▶ GIVEN MATERIAL
::::::

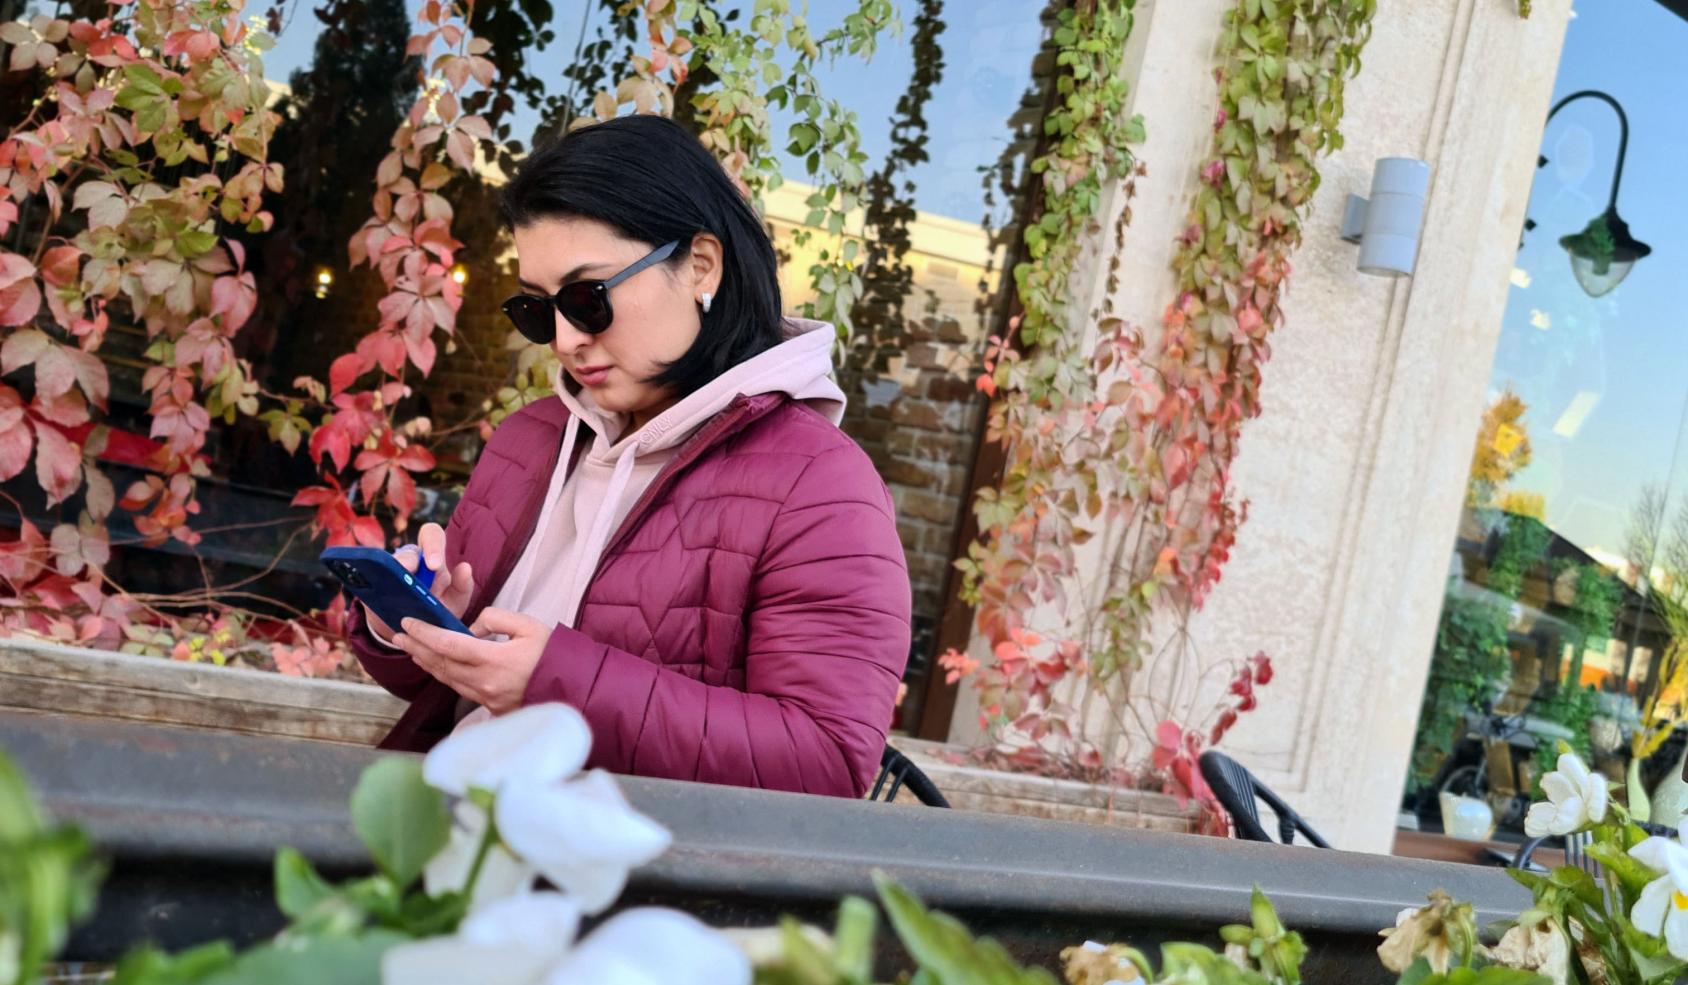 Aqida Mokhirova está de pie leyendo mensajes en su teléfono móvil mientras está fuera de la ventana, de un negocio local, cubierta de enredaderas con flores rosadas.
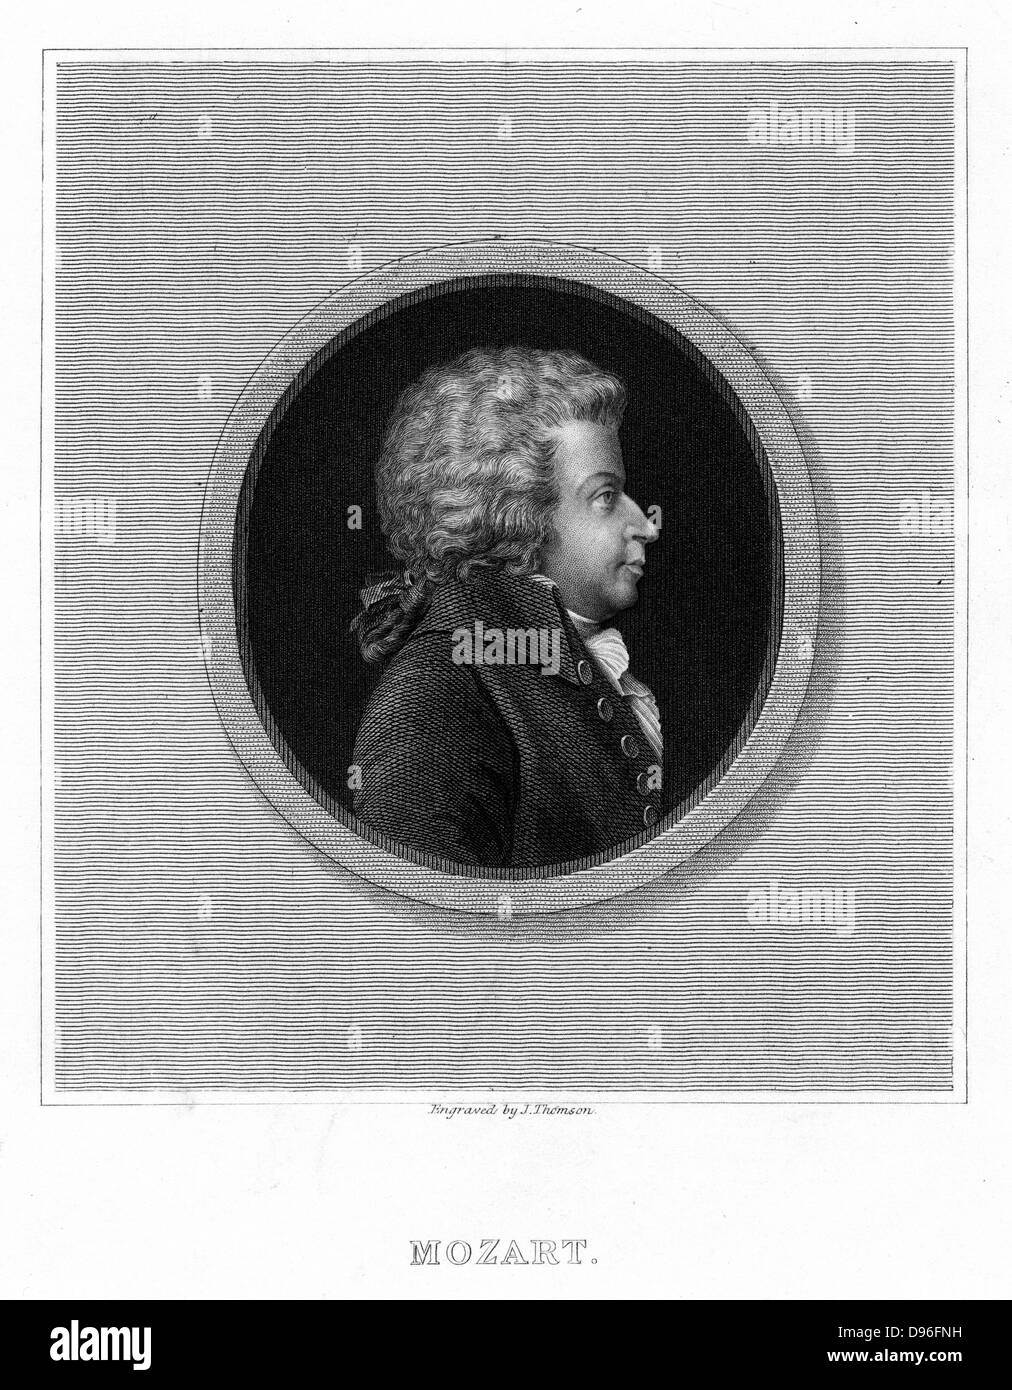 Wolfgang Amadeus Mozart (1756-1791), österreichischer Komponist. Aus "Die Galerie von Porträts" von Charles Knight. (London, 1837). Stockfoto
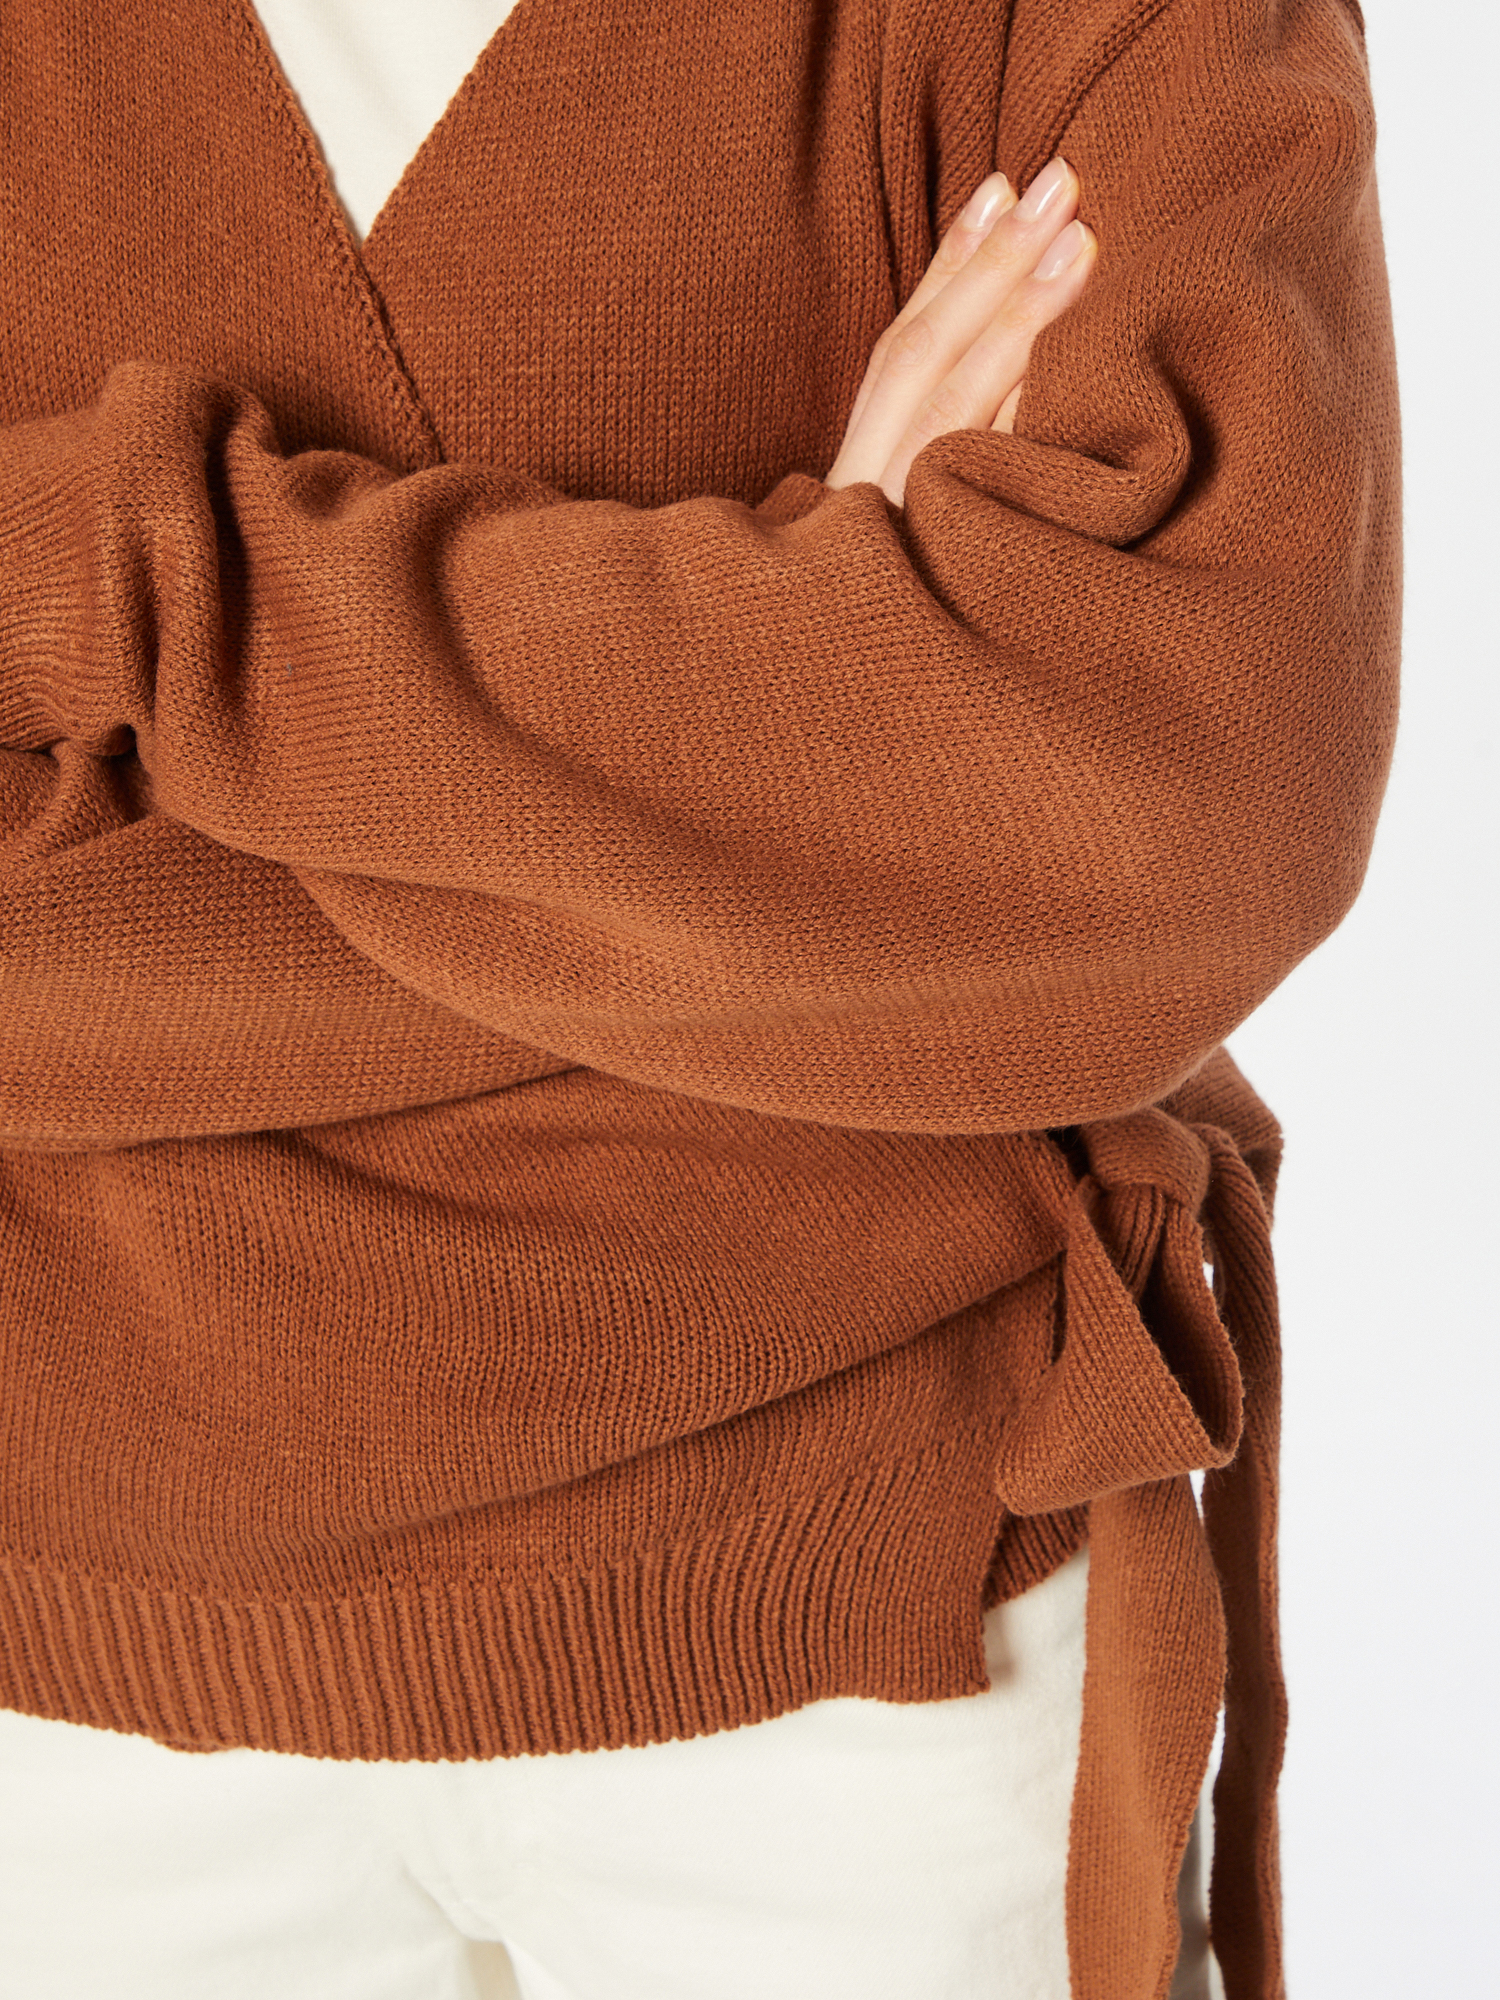 Odzież Swetry & dzianina Femme Luxe Sweter RENEE w kolorze Brązowym 
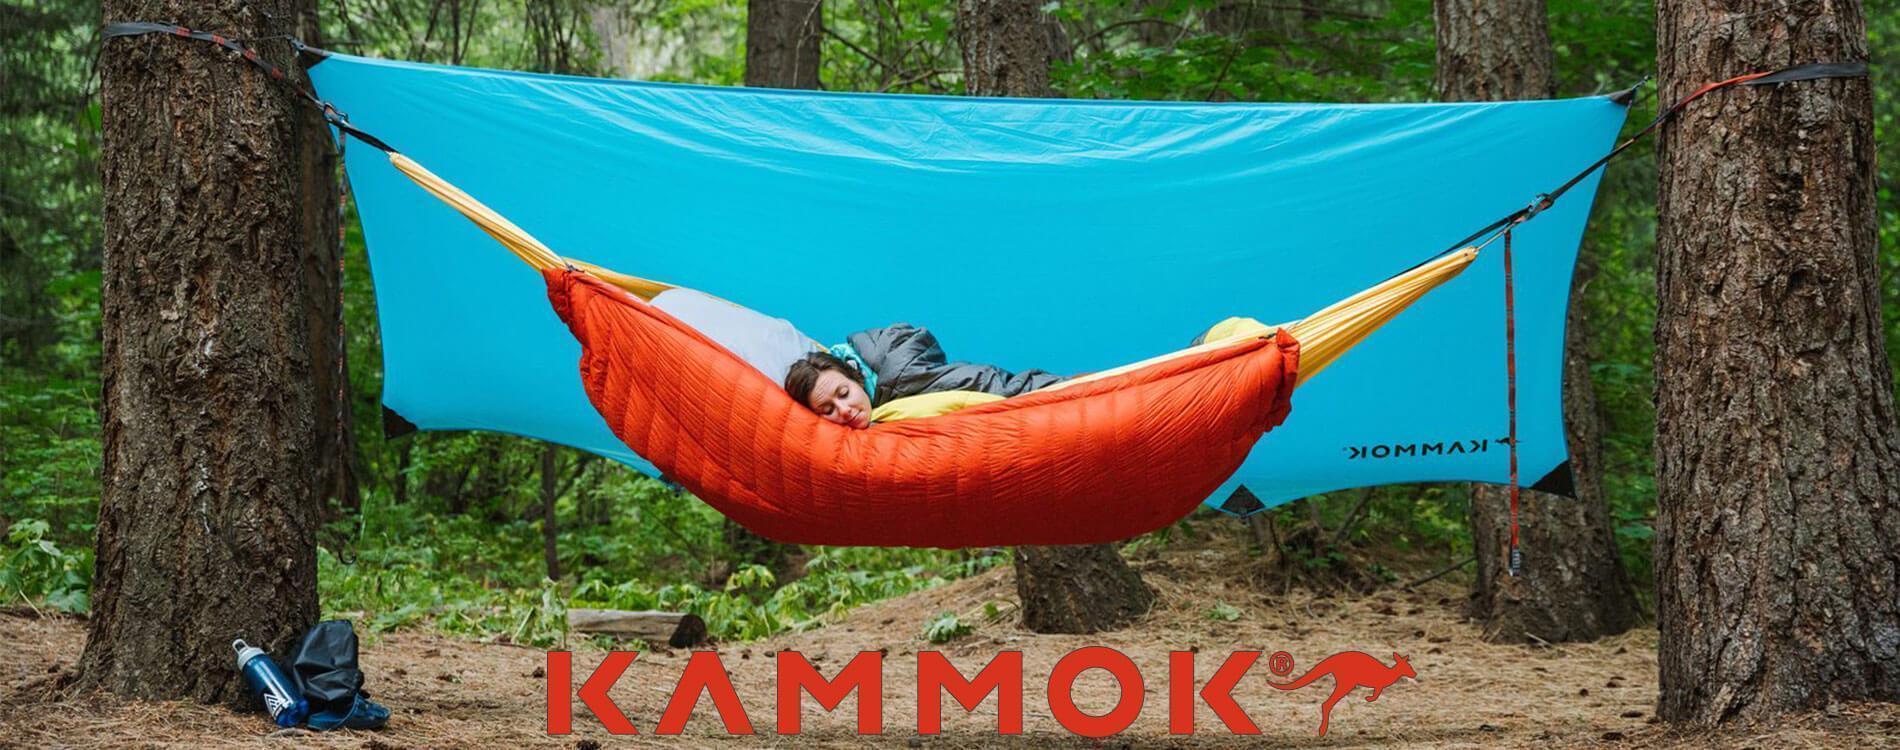 Kammok - Hammocker, campingfiltar, väderskydd och väskor - TacNGear

::::::

▶ EXERCISE
Reproduce the material word for word. Any pictures should be left out of the copy.

▶ SOLUTION
 Aqida Mokhirova está de pie leyendo mensajes en su teléfono móvil mientras está fuera de la ventana, de un negocio local, cubierta de enredaderas con flores rosadas.
 Wolfgang Amadeus Mozart (1756-1791), österreichischer Komponist. Aus "Die Galerie von Porträts" von Charles Knight. (London, 1837). Stockfoto
 Odzież Swetry & dzianina Femme Luxe Sweter RENEE w kolorze Brązowym 
 Kammok - Hammocker, campingfiltar, väderskydd och väskor - TacNGear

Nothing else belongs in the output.